Sposato, con due figli, vive a Piacenza da oltre 25 anni. Rinaldini è stato membro del cda di Ricrea sin dalla nascita del consorzio, ed è attualmente membro del cda Conai. Per 17 anni ha ricpoerto il ruolo di amministratore delegato per l’Italia della Greif, primo gruppo mondiale produttore di imballaggio industriale in acciaio. È vicepresidente di Anfima, Associazione nazionale fabbricanti imballaggi metallici e affini aderente a Confindustria, e vicepresidente di Sefa, Associazione europea dei fabbricanti di fusti acciaio; recentemente è stato nominato presidente di Eipa (European packaging industrial Aasociation) che raggruppa le associazioni dei fabbricanti di fusti nuovi, dei produttori di fusti rigenerati e dei fabbricanti di fusti in fibra.

Già oggi l’acciaio è il materiale più riciclato in Europa: è facile da differenziare e viene riciclato all’infinito senza perdere le proprie intrinseche qualità. Alla rinnovabilità di questo materiale – che non è certo presente nella nostra economia “soltanto” sottoforma di imballaggi, e relativi rifiuti – contribuisce in modo determinante l’impiantistica dei forni elettrici presenti nelle acciaierie, veri e propri impianti di riciclo dai quali esitano a loro volta (come accade in ogni processo industriale) rifiuti speciali che è possibile riciclare nuovamente, o doveroso smaltire in sicurezza quando questo non fosse possibile.

Per quanto riguarda i rifiuti da imballaggio – provenienti tanto dalla raccolta differenziata fatta nelle case quanto dalla raccolta ad hoc fatta su aziende, negozi e attività produttive – grazie all’impegno di Ricrea nel 2015 in Italia è stato riciclato il 73,4% degli imballaggi in acciaio immessi al consumo per un totale di 347.687 tonnellate, sufficienti per realizzare quattro copie del Golden Gate, il celebre ponte in acciaio di San Francisco.
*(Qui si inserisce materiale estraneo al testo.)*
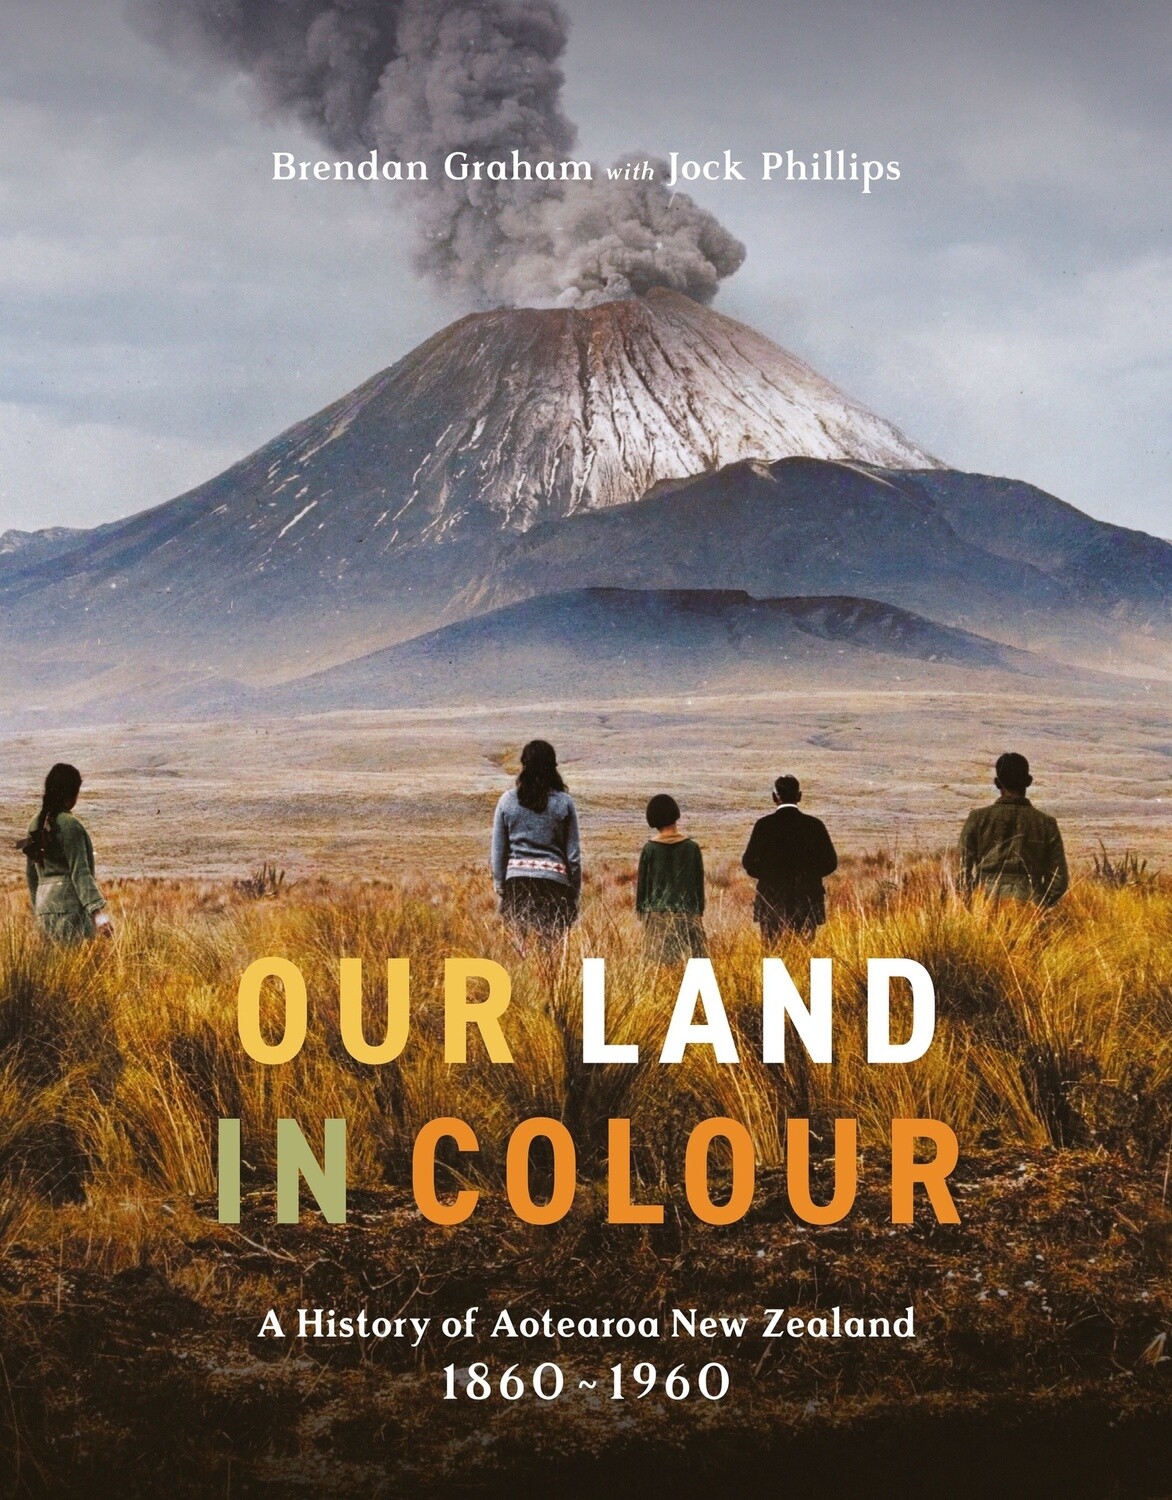 Our Land in Colour by Jock Phillips and Brendan Graham

L’obiettivo del 75% è ormai più che a portata di mano, tanto da lasciar supporre che l’asticella potrebbe essere ulteriormente alzata verso traguardi più ambiziosi; il target fissato a livello comunitario rimane comunque la priorità. «In questi anni, grazie alla guida del mio predecessore Maurizio Amadei – commenta il neopresidente Domenico Rinaldini –, Ricrea ha svolto un ottimo lavoro per favorire la raccolta e il riciclo degli imballaggi in acciaio. I risultati di riciclo raggiunti, superiori al 73%, lo dimostrano. Entro il 2025 contiamo di raggiungere l’obiettivo del 75% indicato dall’Unione europea, accrescendo presso i consumatori e tutti gli stakeholders la riconoscibilità dei nostri imballaggi e la conoscenza delle loro qualità: l’acciaio è un materiale che si ricicla totalmente e all’infinito senza perdere le proprie priorità, ottimo esempio di economia circolare».

L. A.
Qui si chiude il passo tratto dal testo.